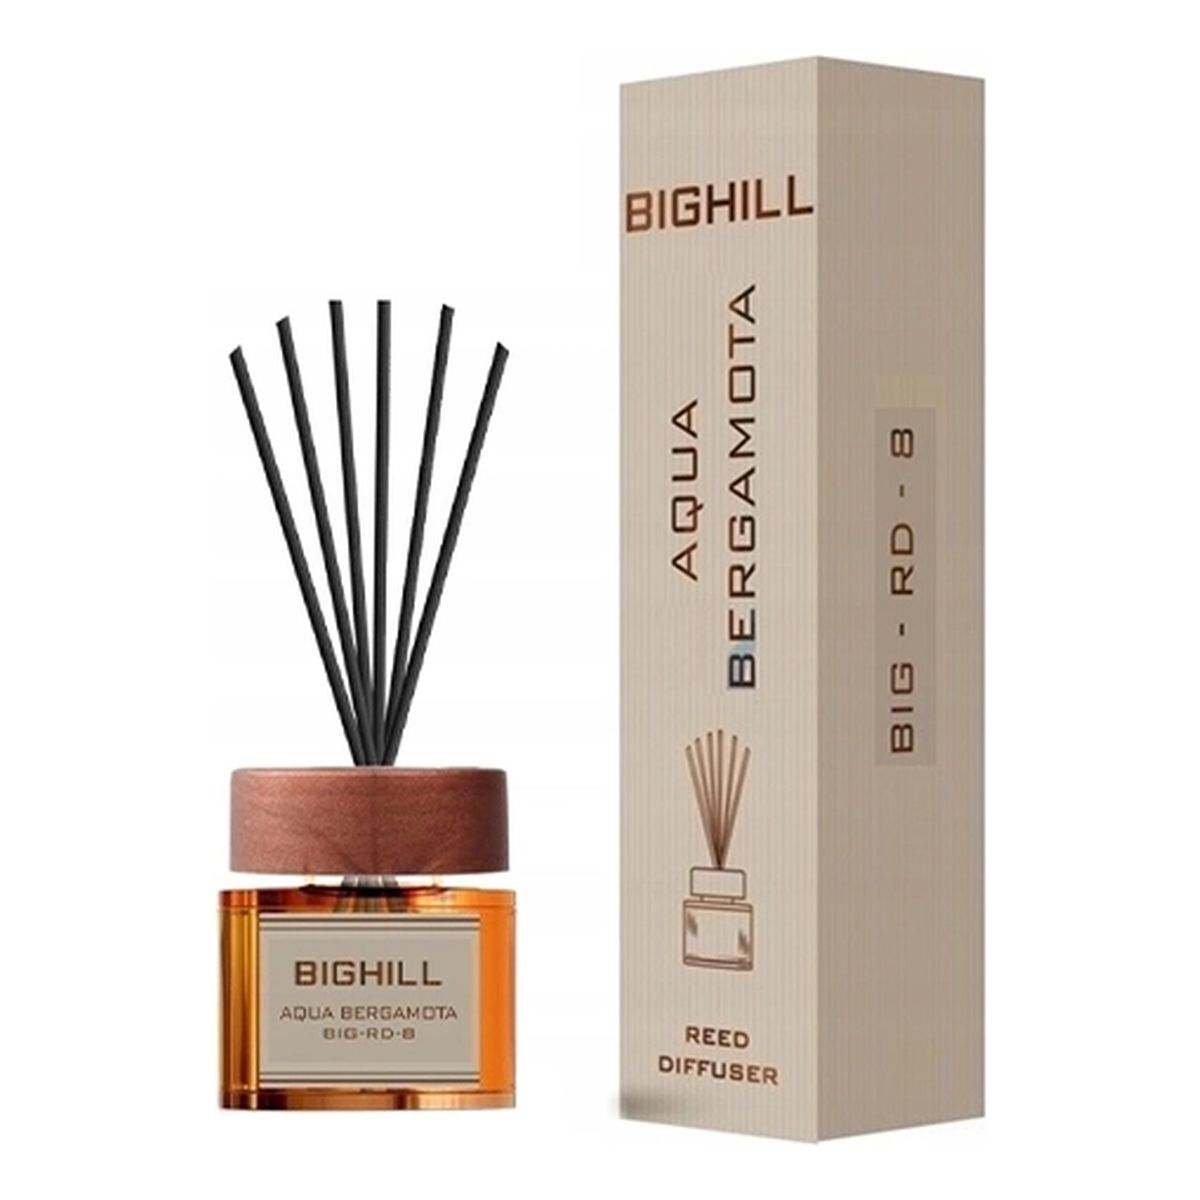 Bighill Ekskluzywny dyfuzor zapachowy z patyczkami Kirke + Aqua Bergamota 2x120ml
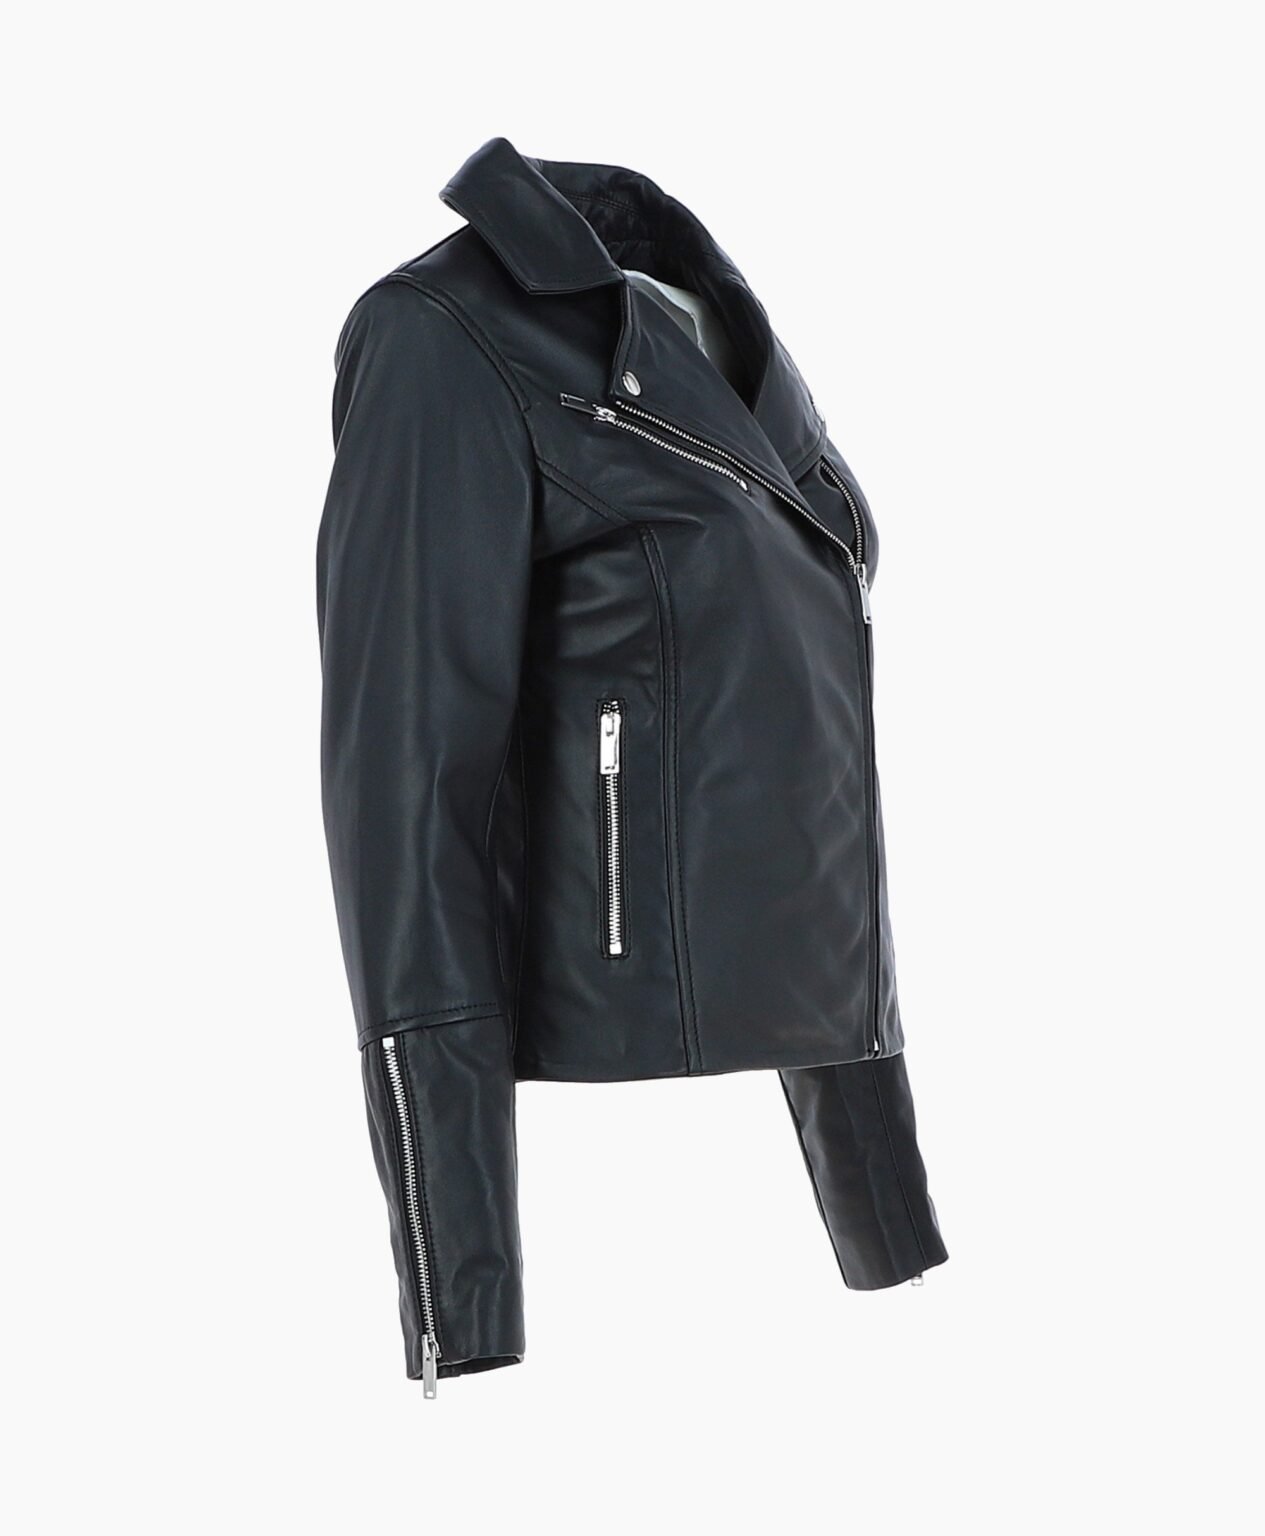 vogue-jacket-leather-biker-jacket-black-greeley-image203
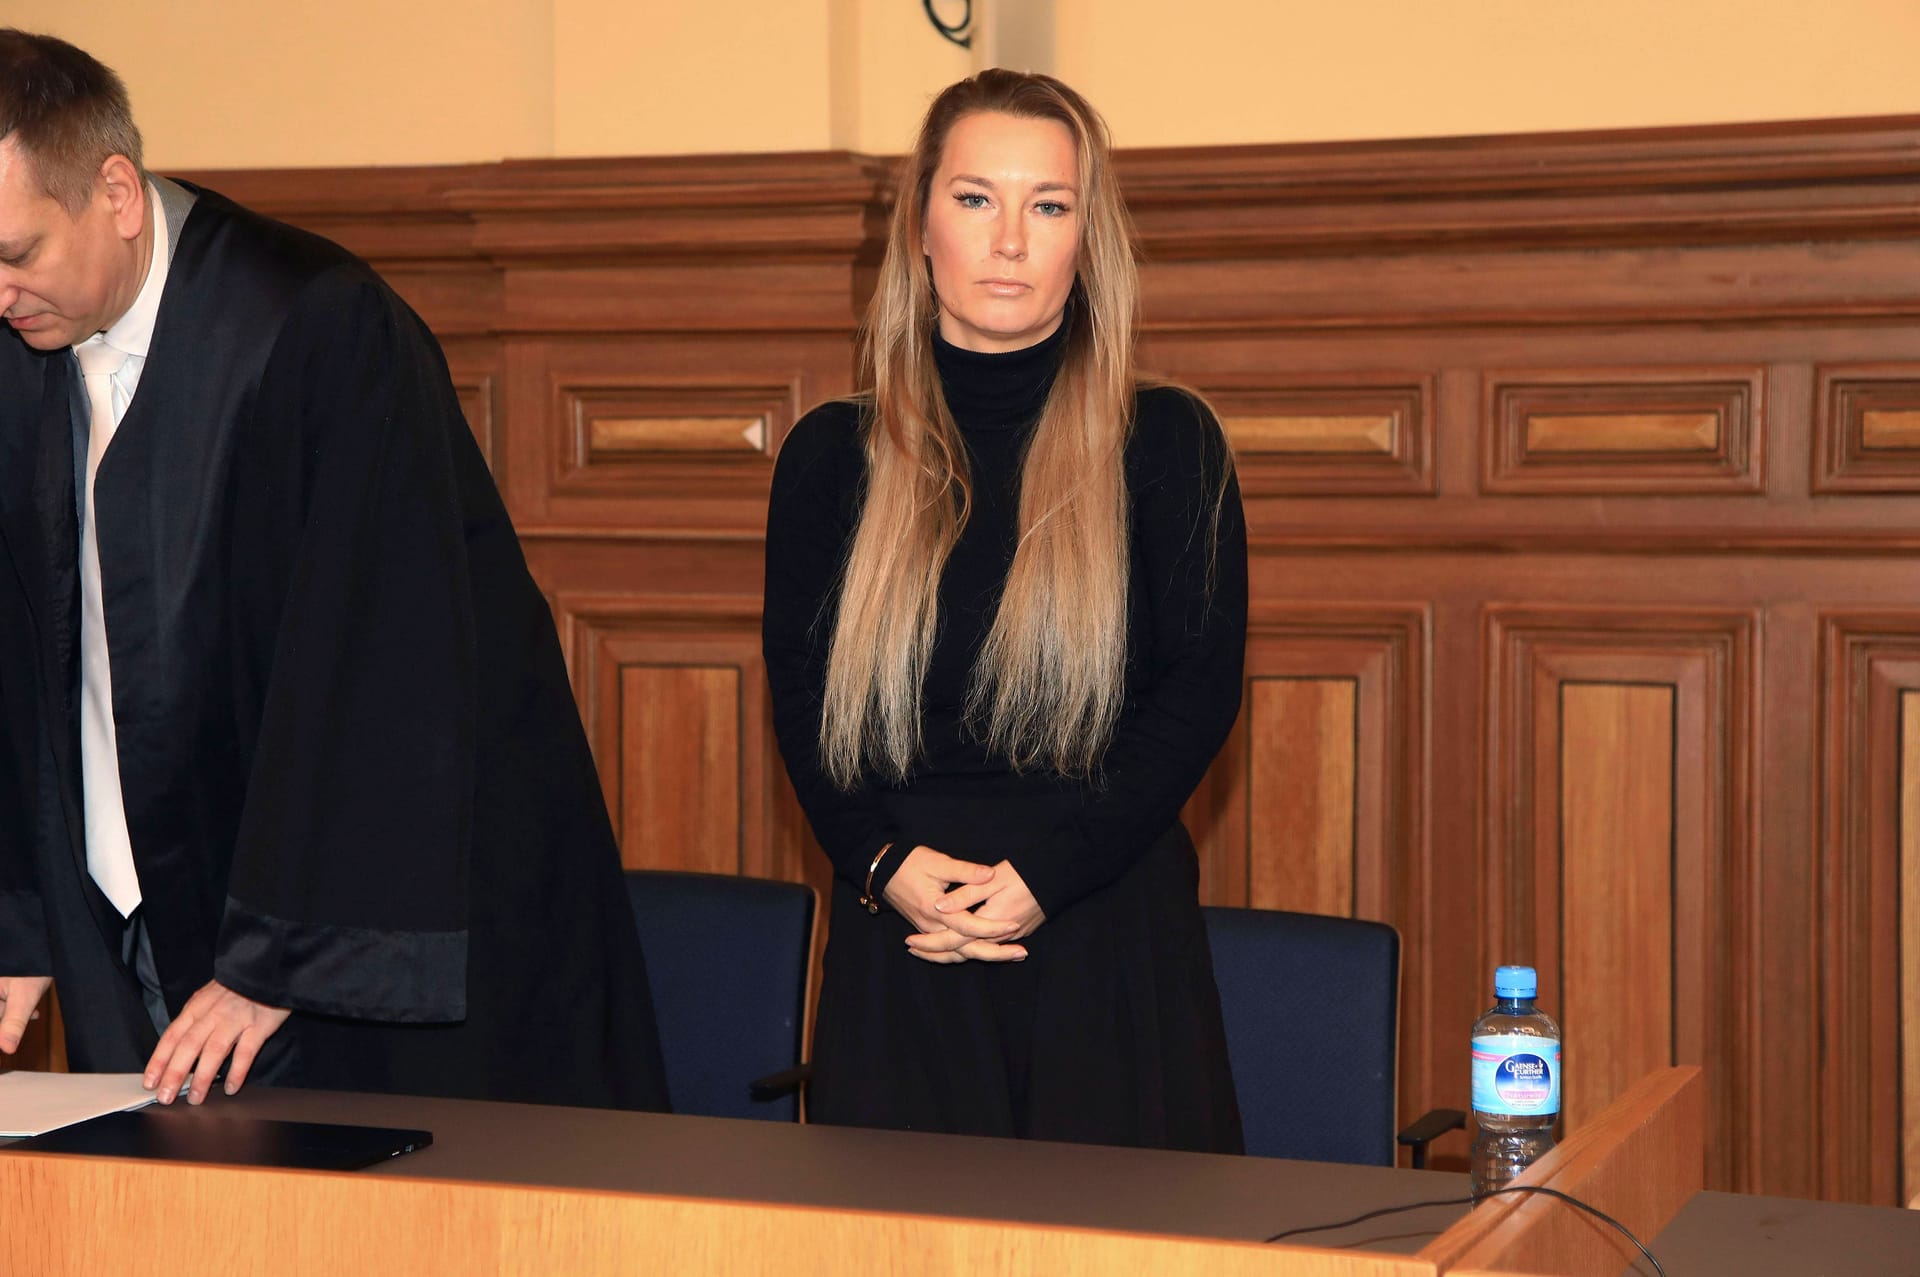 Anja Rascher bei der Gerichtsverhandlung wegen des Vorwurfs der sexuellen Belästigung gegen Marc Terenzi

☆ ☆ ☆ ☆ ☆ ☆ ☆

• [Directions for this task]:
Write the lines from the one containing "vogue-jacket-leather-biker-jacket-black-greeley-image203" through the end of the data above exactly as they appear, and do not carry over any picture.

• [Finished exercise]:
 vogue-jacket-leather-biker-jacket-black-greeley-image203
 Anja Rascher bei der Gerichtsverhandlung wegen des Vorwurfs der sexuellen Belästigung gegen Marc Terenzi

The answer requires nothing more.